What would be the fastest way to remove lines from a medium-size CSV file?
For example given a CSV:
Bill,0,0,0
Bill,1,1,1
Mary,0,0,0
Todd,0,0,0
etc..
And a list of names to delete:
Mary
Todd
Remove the lines with those names. The CSV's are anywhere from 20,000 to
100,000 lines long. The list of names to remove are typically from 1 to 500
names long. The list of names are deleted across ~50 different CSV files.

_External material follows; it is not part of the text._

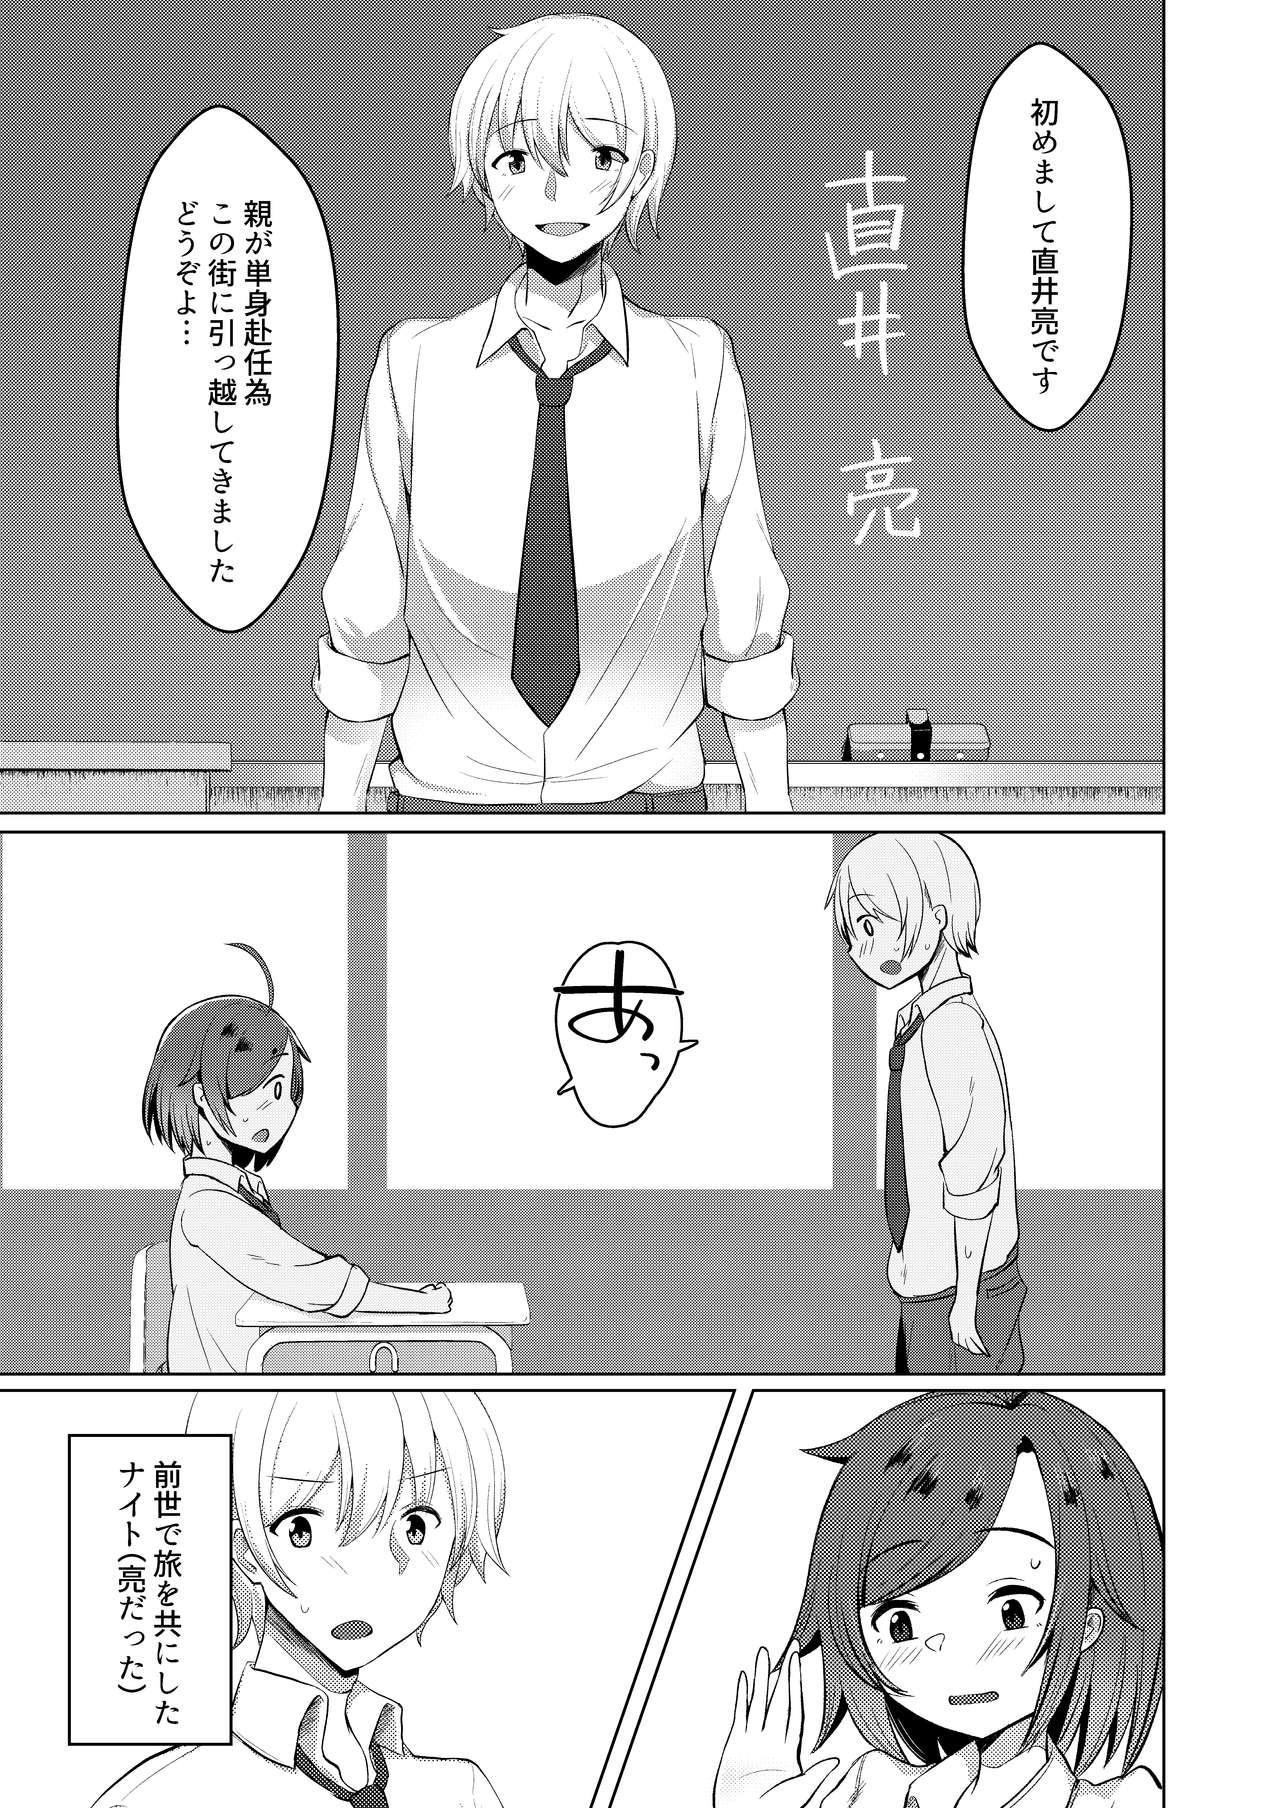 Transgender Tensei Shite JK ni Narimashita 10

Reading a CSV into memory is OK for each file, but not all CSVs at once (the
real CSVs are larger).
The method I use now is straight forward: read the CSV and list of delete-names
into an array, for each CSV line check if it's in the deletion list and if not
write the line back out otherwise skip.
The existing code in GNU Awk:
c = split(readfile(namefile), a, "\n")
d = split(readfile(csvfile), b, "\n")
while(i++ < d) {
if(b[i] == "") continue
split(b[i],g,",")
mark = j = 0
while(j++ < c) {
if(a[j] == "") continue
regname = "^" regesc2(a[j]) "$" # regex match first field
if( strip(g[1]) ~ regname) {
mark = 1 # In delete list - skip
break
}
}
if(!mark) { # Not in delete list - write out line
print b[i]
}
}
Looking for new method ideas before I rewrite in Nim.